## Source data
-*-

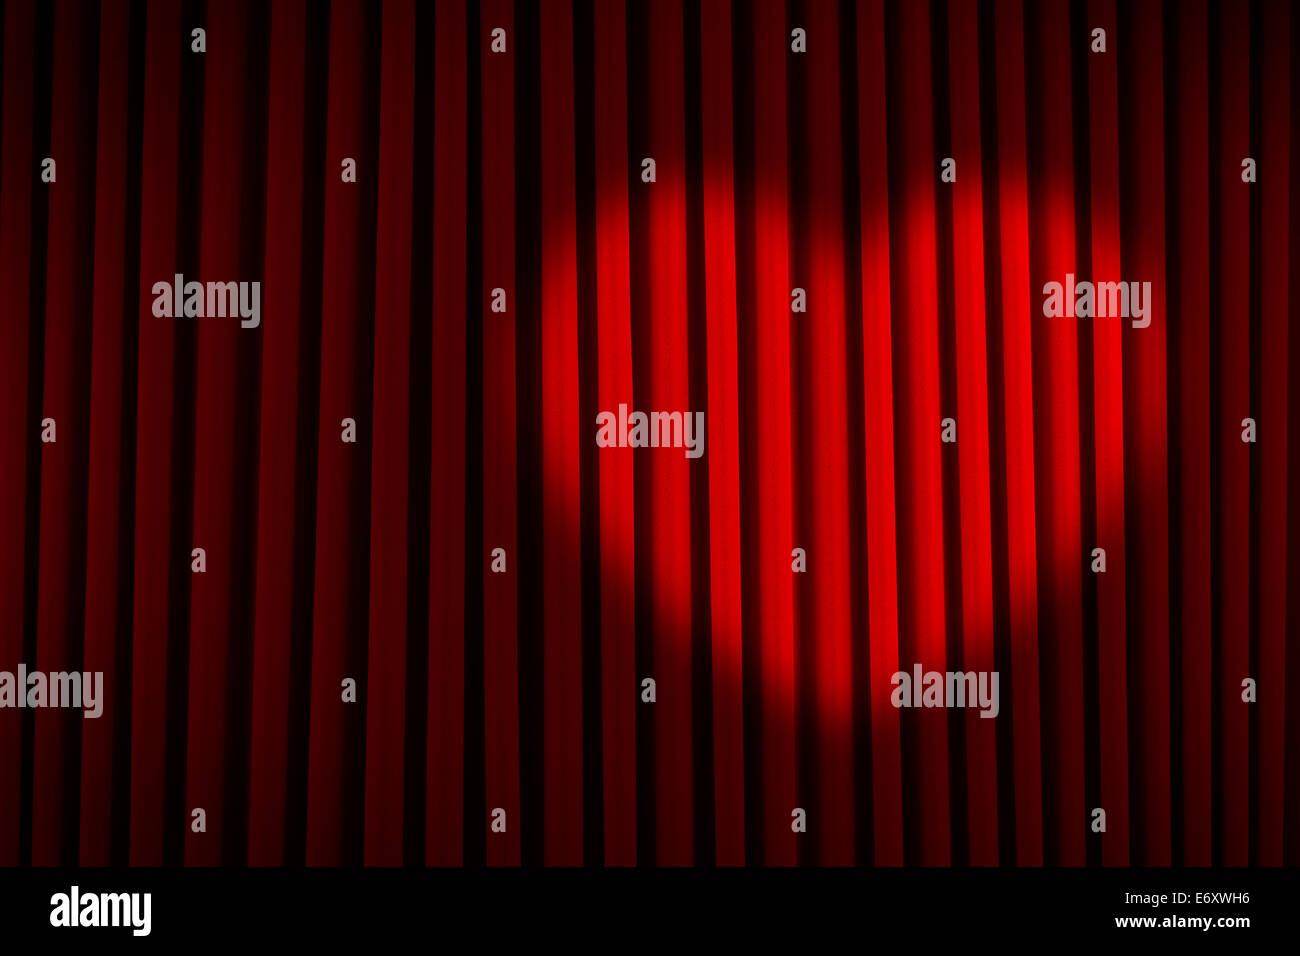 Red curtain spotlight - Red Velvet Stage Curtain With Heart Spotlight
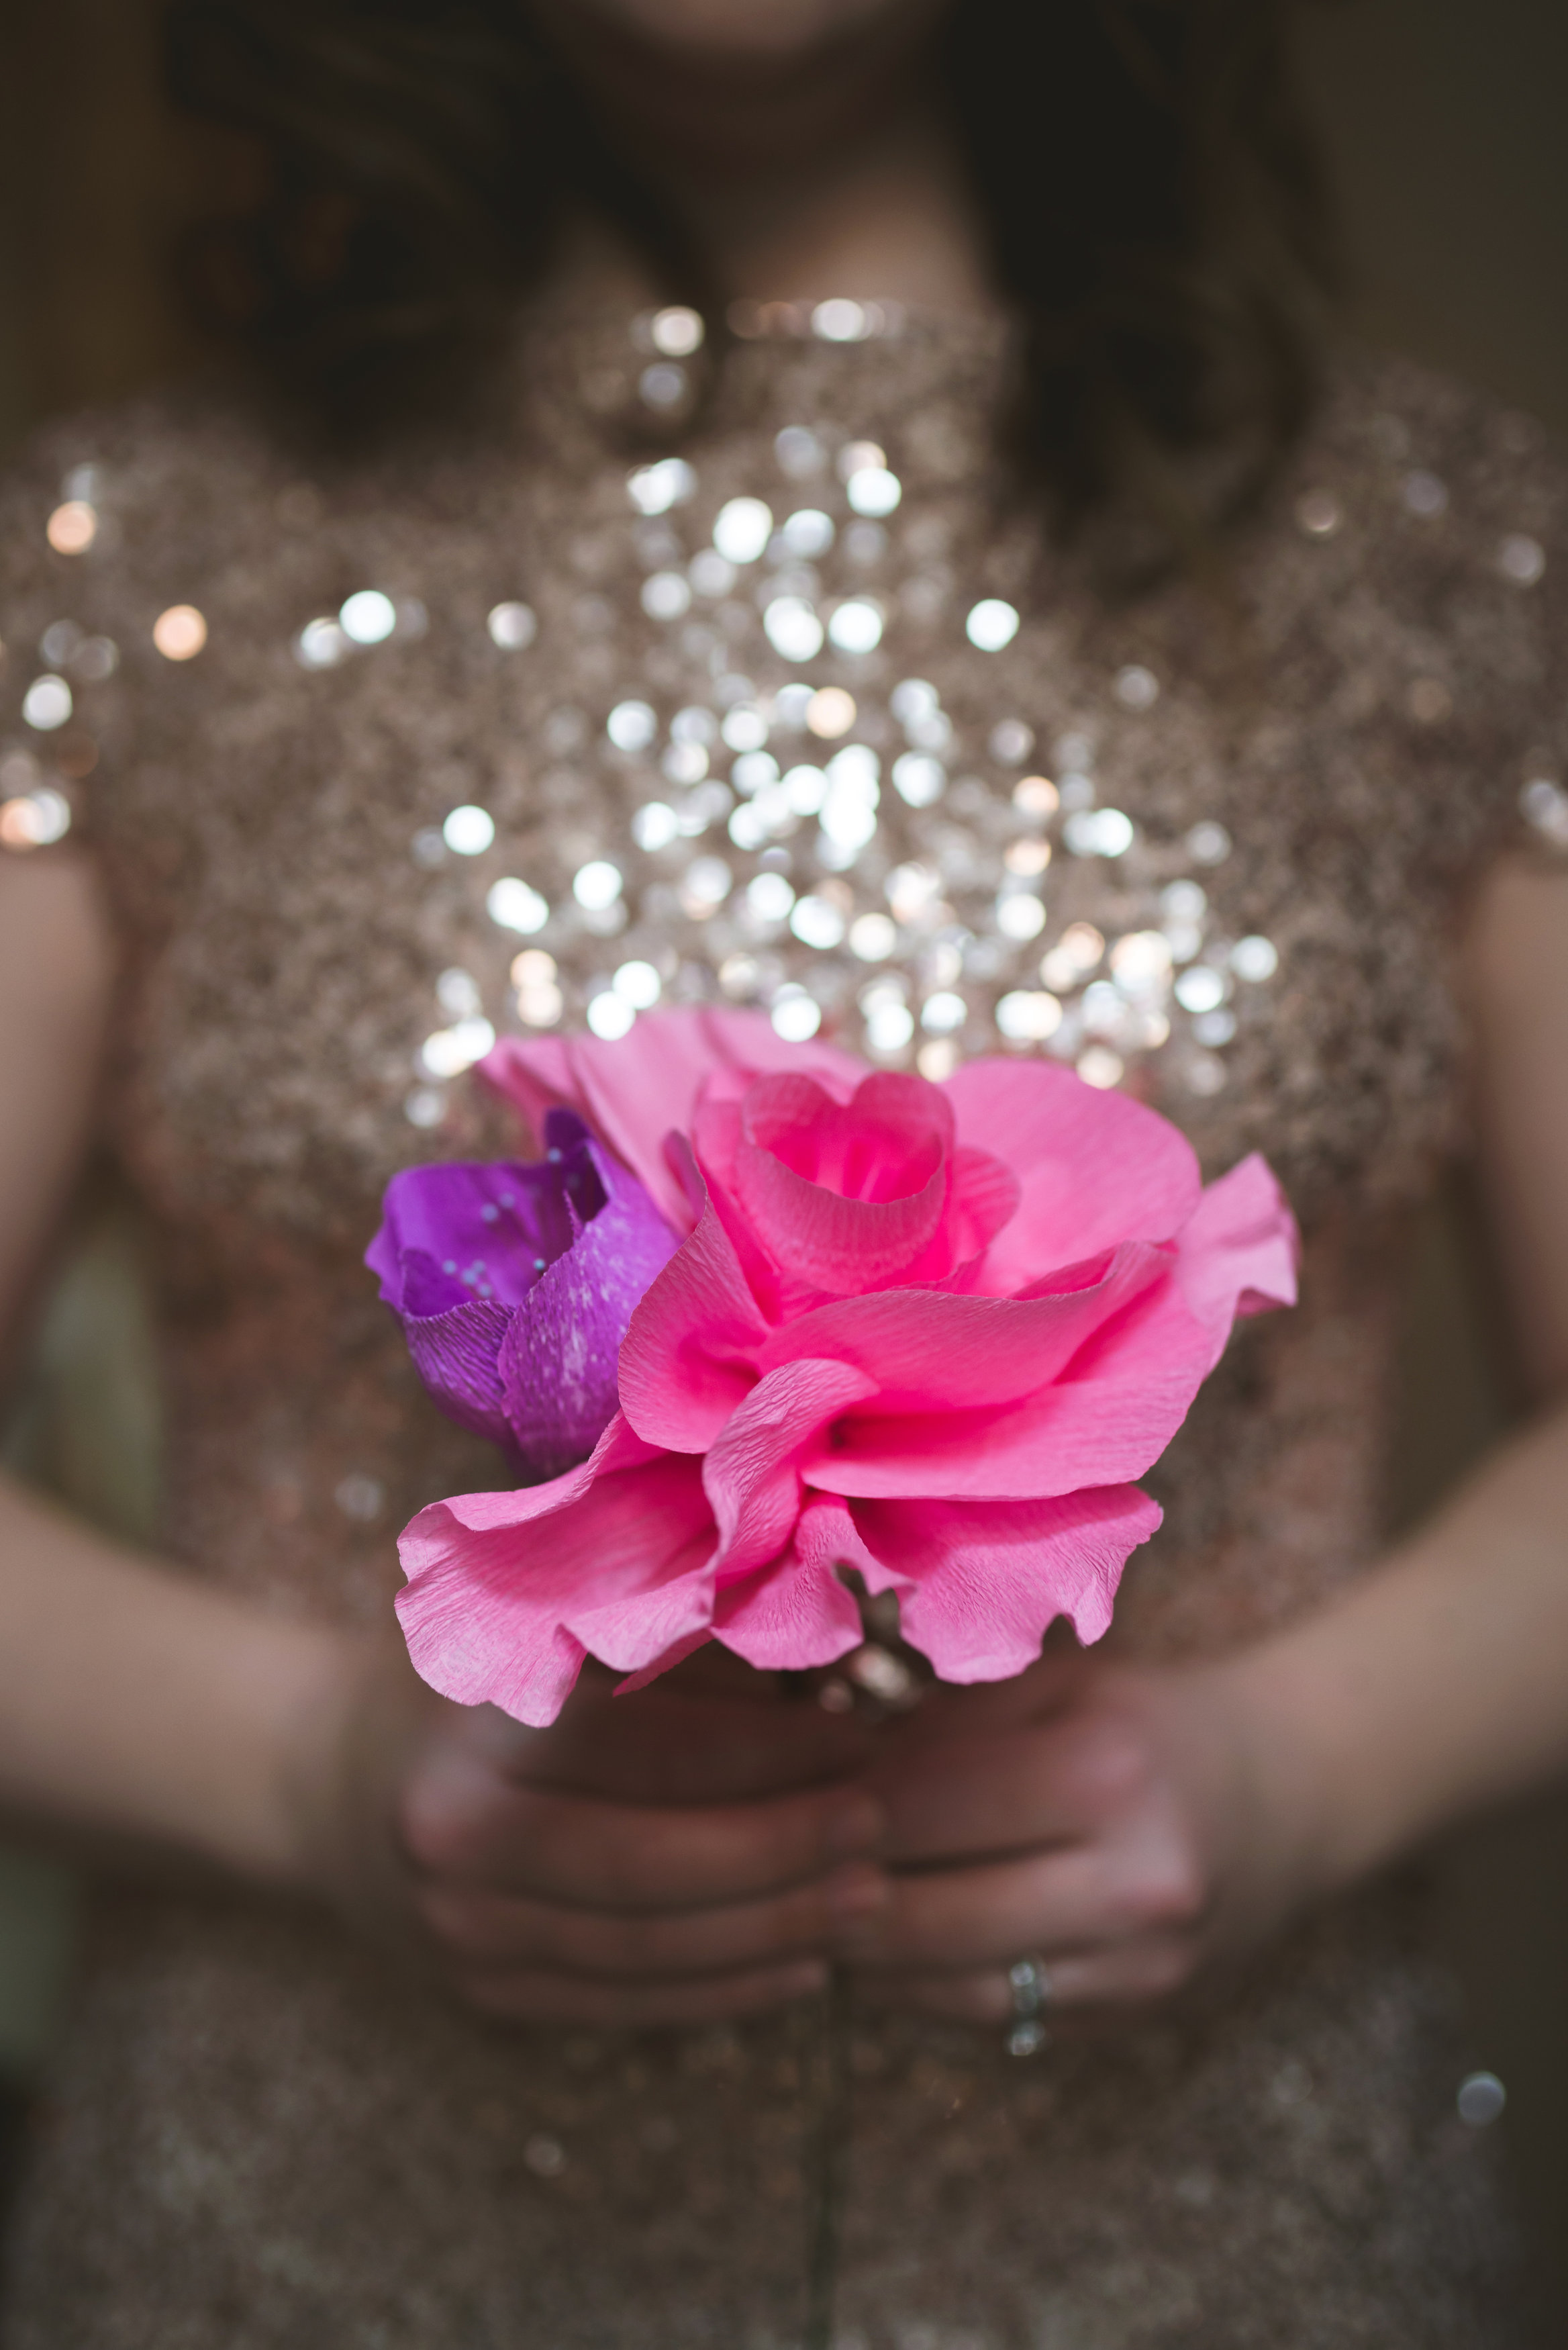 The Party Concierge - Philadelphia Party Planning - Concierge - Events - Weddings - Coordination - S
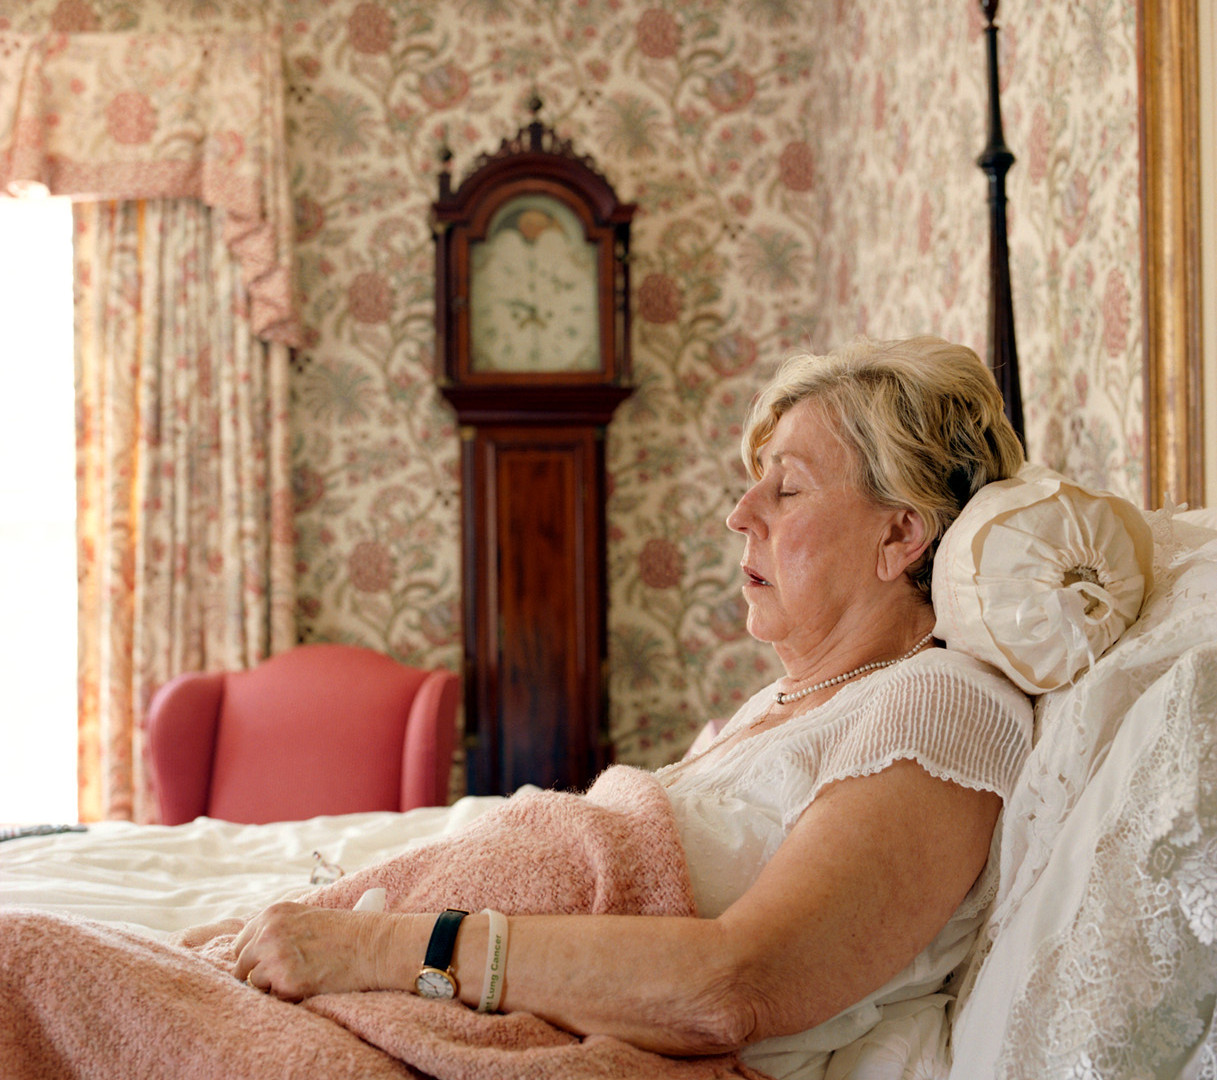 Jocelyn Lee, Untitled (Mom in bed), 2008

-*-

## Work task
Copy the material shown above in full and exactly. Skip the pictures.

## Task response
 Red curtain spotlight - Red Velvet Stage Curtain With Heart Spotlight
 The Party Concierge - Philadelphia Party Planning - Concierge - Events - Weddings - Coordination - S
 Jocelyn Lee, Untitled (Mom in bed), 2008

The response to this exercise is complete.